#Basics:

### Lists :
- Data structure used to store collections of data, including numeric, categorical, or mixed types
- Storing small datasets or feature names

#### Lists for Multi-dimension data :
- Nested lists can represent multi-dimensional data, where each level corresponds to a dimension
- Accessing and modifying elements can be cumbersome

In [1]:
# Storing a row from a dataset:
row = [1,2,3,4,5,"One","Two","Three"] # Supports non-homogenous data

#Storing a dataset, dataset can have various type of non homogenous data types
dataset = [
    [1,2,3,4,5,6],
    ["One","Two","Three","Four","Five"],
    [1,2,3,4,"Five","Six","Seven"],
    [1.2,2.1,3.4,4.3,4.5,5.4,5.6,6.5]
]

# Accessing the stored values.
# The values stored in the lists can be accessed using the co-ordinate system similar to matrices.
print(row[3]) # Value: 4
print(dataset[1][3]) # Value: Four

4
Four


In [26]:
# 3D represnetation of data using a list
list_data = [
    [[1, 2], [3, 4], [5, 6]],
    [[7, 8], [9, 10], [11, 12]]
]

# Accessing data from the 3D list
print(list_data[0][2][1]) # Value: 6

#Modifying elements
list_data[0][2][1] = 10
print(list_data[0][2][1]) # Value: 10

6
10


In [27]:
# Calculating the dimensions of the defined array

samples = len(list_data)                  # Number of samples (outermost list)
features = len(list_data[0])              # Number of features (next level)
channels = len(list_data[0][0])           # Number of channels (innermost list)
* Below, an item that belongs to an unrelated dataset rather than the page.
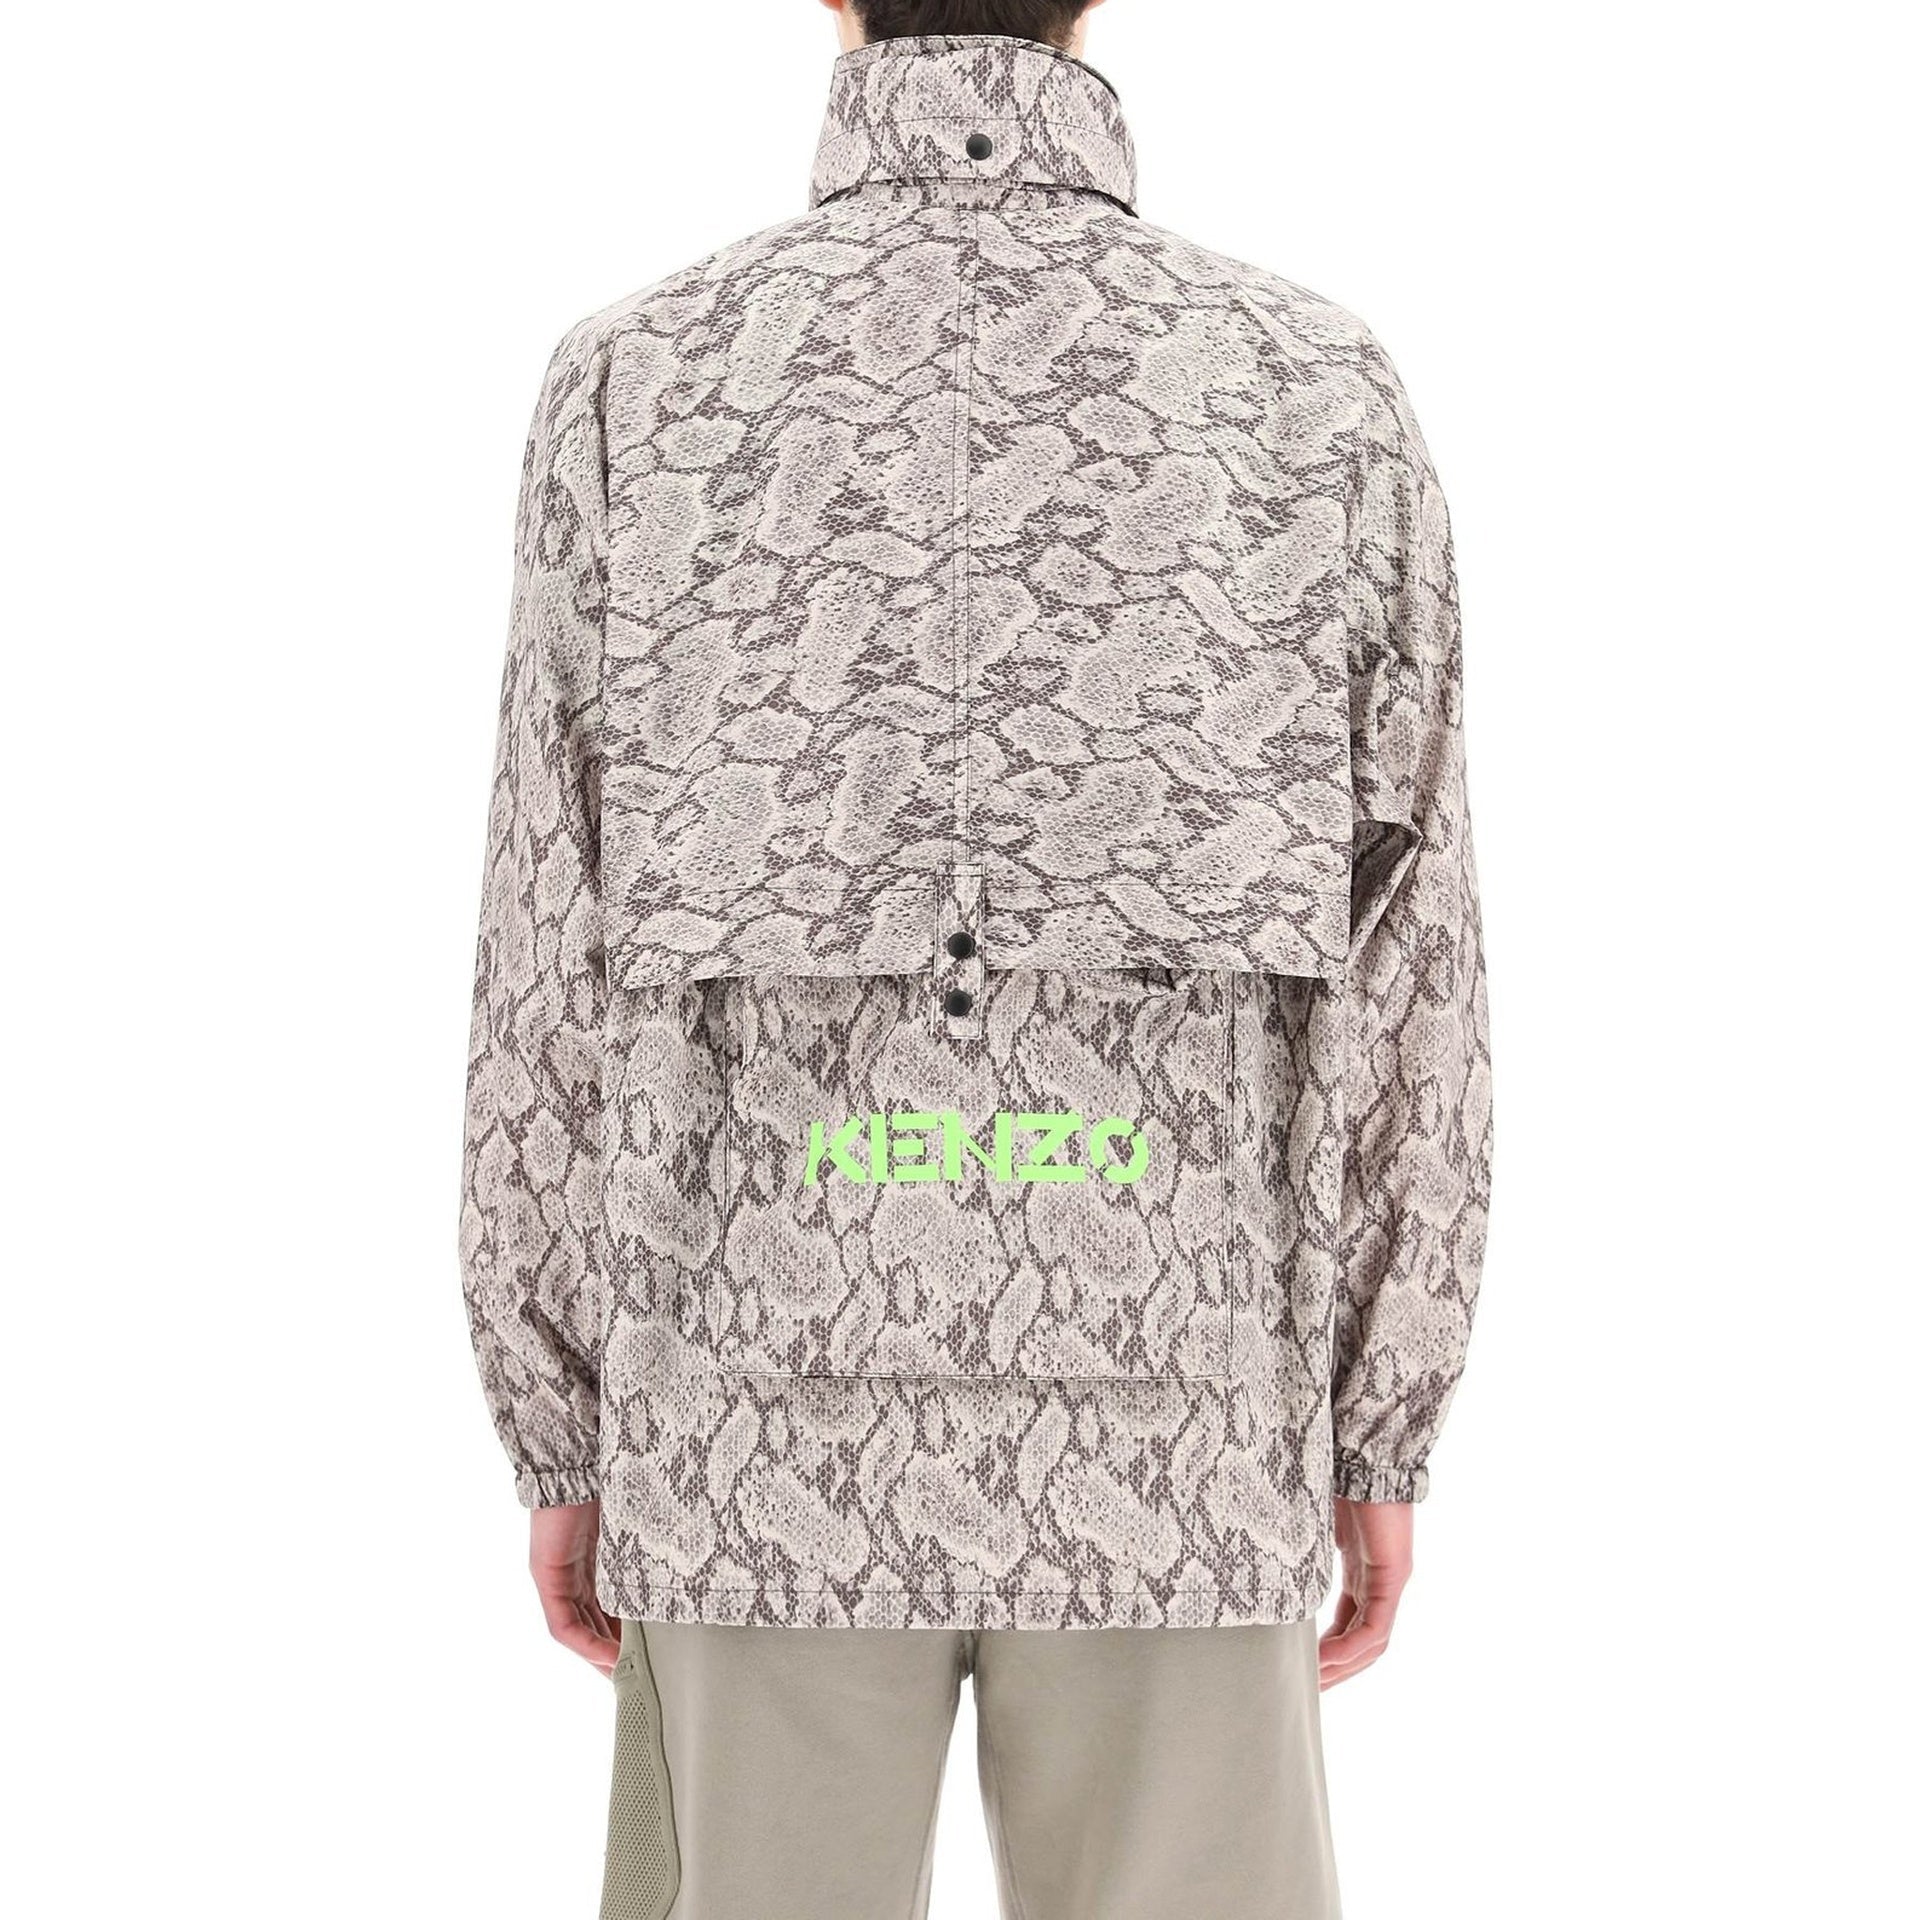 KENZO-OUTLET-SALE-Kenzo-Snakeskin-Printed-Jacket-Jacken-Mantel-ARCHIVE-COLLECTION-3.jpg

print(f"Dimensions: {samples}x{features}x{channels}")

Dimensions: 2x3x2


### Pandas Dataframe :
- DataFrame is a 2D, labeled data structure similar to a spreadsheet, offering labeled axes (rows and columns).
- Loading, cleaning, and transforming datasets
- Handling mixed types (numeric + categorical)

#### Pandas Dataframe for Multi-dimension data :
- Pandas primarily handles 2D tabular data
- For higher dimensions, use MultiIndex or pivot tables to represent multi-dimensional relationships.

In [28]:
import pandas as pd

# Data is wrapped using the Dataframe method from pandas, dataframe wrapper is used to wrap the dictionary.
# Since the dictonary supports multiple data type, we can expect a key:value pair with non-homogenous data.
pd_data = pd.DataFrame({
    "sepal_length": [5.1, 7.0, 6.3],
    "sepal_width": [3.5, 3.2, 3.3],
    "petal_length": [1.4, 4.7, 6.0],
    "petal_width": [0.2, 1.4, 2.5],
    "class": ["setosa", "versicolor", "virginica"]
})

#Selecting data for features
#Here we use the values attribute to access the data within the key value pairs.
X = pd_data[["sepal_length", "sepal_width", "petal_length", "petal_width"]].values #Here [[]] are used since data is already is stored in a list
y = pd_data["class"].values

print(X)
print(y)

[[5.1 3.5 1.4 0.2]
 [7.  3.2 4.7 1.4]
 [6.3 3.3 6.  2.5]]
['setosa' 'versicolor' 'virginica']


In [29]:
import pandas as pd

# Here a multi-dimensional array is defined using different data values
# A dataframe can handle 2D arrays at best
pd_2D_data = [
    ["sample1", "sample1", "sample2", "sample2"],
    ["feature1", "feature2", "feature1", "feature2"]
]

# A wrapper method is used to convert the 2D array into a multi-index array
# A multi index array is a precusor of a dataframe
index = pd.MultiIndex.from_arrays(pd_2D_data, names=["Sample", "Feature"])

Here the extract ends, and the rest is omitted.